Judith Kalman: The County of Birches (Writers In Their Garden)
Gardening, like writing is a way of dealing with the past.
To get to Judith Kalman's raspberry patch, you enter through the garden gate, which is framed by climbing roses and scented phlox and set amid twining vines of trumpet and clematis. Then you travel down, down, through steep flights of deeply terraced beds - down past the towering tiger lilies with petals curled into orange pinwheels; down past Rose of Sharon, and allium, a dried and faded orb; down again - we're not there yet! - through potentilla, pincushion and purple cone-flower. We arrive, finally, at the garden floor, where raspberry bushes sprawl against the fence.
''Have one,'' says Kalman, plucking me a plump fruit. She picks another and pops it into her mouth: ''They taste much better unwashed.''
There is something girlish, even impish, about Kalman, something well suited to her sylvan surroundings. Likewise, the garden's beauty appears informal and untamed. The hand of its creator is invisible.
''Everything in this garden is meant to grow in this part of the world,'' says Kalman, as if she has hardly a thing to do with it; as if she has not devoted years to digging, clearing and planting each terrace; as if the work shed and the rusty poles camouflaged by flora could so neatly have hidden themselves.
Kalman's attachment to her garden is apparent, yet any attempt to fix her here meets with resistance: ''This is not my permanent garden,'' she says. ''I will never have a permanent garden. This is not a garden for evermore. I don't have an evermore here.''
In her mind, beautiful gardens can't last forever; she is always prepared for the inevitable fall. Her views are a natural consequence of an unsettling history, explored in her award-winning collection of semi-autobiographical stories, The County of Birches. Kalman is the daughter of Hungarian Jews who lived happy, prosperous lives in the early decades of the 20th century. Her mother's family owned a vineyard; her father's inhabited a vast agronomical concern. In The County of Birches, young Dana, Kalman's alter ego, is preoccupied with her father's description of life on his estate:
''The surrounding countryside was poor and sandy ... but the Rakoczi Tanya bloomed like an oasis in the desert. In a manner of speaking, we came to life, between the Tigris and Euphrates rivers. We lived on the Lord's riches and with his blessings. Like the first man and woman in their Garden of Joy. And after a time we multiplied.''
Kalman's parents met and married after the war, in which they had lost everything - and virtually everyone - in the Holocaust. Kalman and her older sister, writer Elaine Kalman Naves, were born in Hungary. The family moved to London when Kalman was 3 1/2, then to Montreal a few years later.

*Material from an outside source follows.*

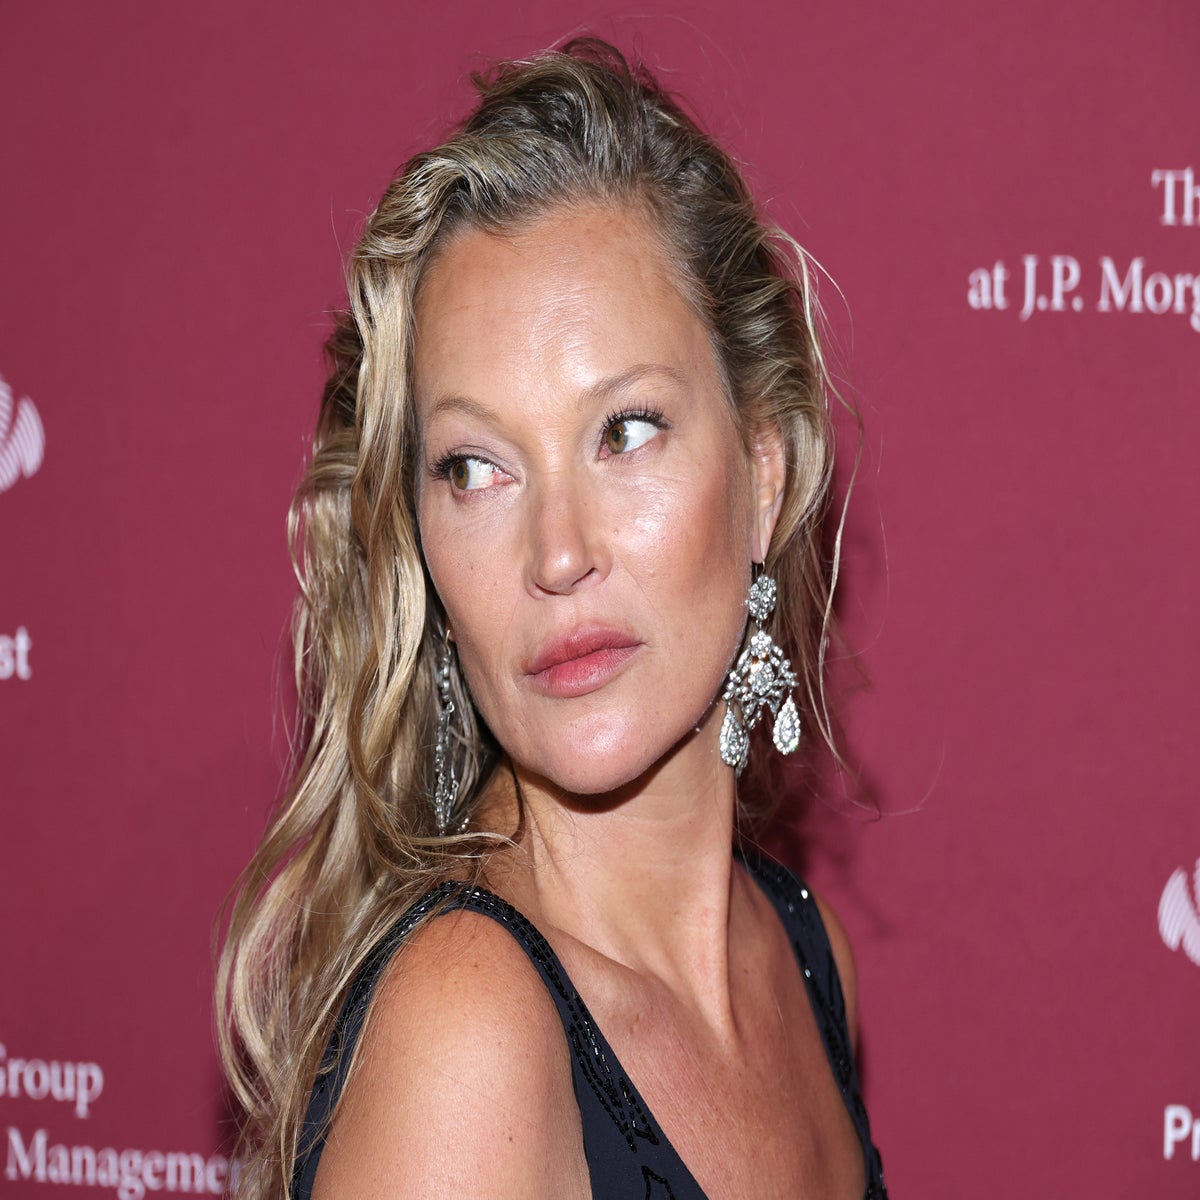 Kate Moss says she was 'vulnerable and scared' during 1992 Calvin Klein  photoshoot with Mark Wahlberg | The Independent

''My whole sense of my childhood was very much that our lives were like very tender shoots, young and vulnerable. There was always that sense of dislocation. That sense of being different and vulnerable to the winds of change.”
''My father would say, repeatedly, 'You can't count on anything being stable. Everything can be taken away. All you've got is your people and who you are. You have to hold on to that.' ''
Kalman's father kept his family's history alive through the stories he shared with his daughters. These shimmering tales, full of sorrow and wisdom, humour and love, form the foundation of Kalman's book.
''Ever since I was a little kid,'' she says, ''I had assumed that I could write. And I had assumed that I could write because I was supposed to remake my (deceased) relatives' lives.''
Kalman attended CeGEP in Montreal and earned her master's in creative writing at the University of Windsor, studying under Joyce Carol Oates. She had planned to begin writing immediately after finishing school - but life intruded. She married longtime sweetheart Murray Lamb. There was work and children, and then her husband's deteriorating health. (He died last year after a long illness).
When Kalman turned 40, she realized in a kind of mid-life moment, that she needed to return to her writing: ''I knew I would need something to sustain me apart from my husband and my kids,'' she says. '' I couldn't put off my writing any longer. I really couldn't.''
Her renewed commitment to her craft coincided with a burgeoning interest in the garden. ''When I had my first house in West Toronto, I felt there was no point to beginning a garden. I knew we would be moving soon,'' she says. ''But then I realized that I could wait forever to start a pretty garden - or anything else I wanted to do. I thought, 'I will be in this house for another year or two and, as long as I'm here, I will try to get something out of the garden.' ''
She moved to East Toronto a few years later. In the new house, her garden developed side by side with the stories in The County of Birches. ''I don't know whether I would have gardened if I hadn't begun writing again,'' she says. ''And I don't know whether I would have begun writing again if I hadn't started gardening.''
All the same, it is not the garden in her yard but the garden in her head - the Hungarian Paradise - that constitutes Kalman's true home: ''My father is buried in a cemetery north of Montreal,'' she says.'' It's a cemetery that has nothing to do with our community. And I realize now it didn't really matter to my father where he was buried because he didn't have a place he truly belonged - and no more have I,'' she adds.
An earlier version of this story appeared in the Montreal Gazette.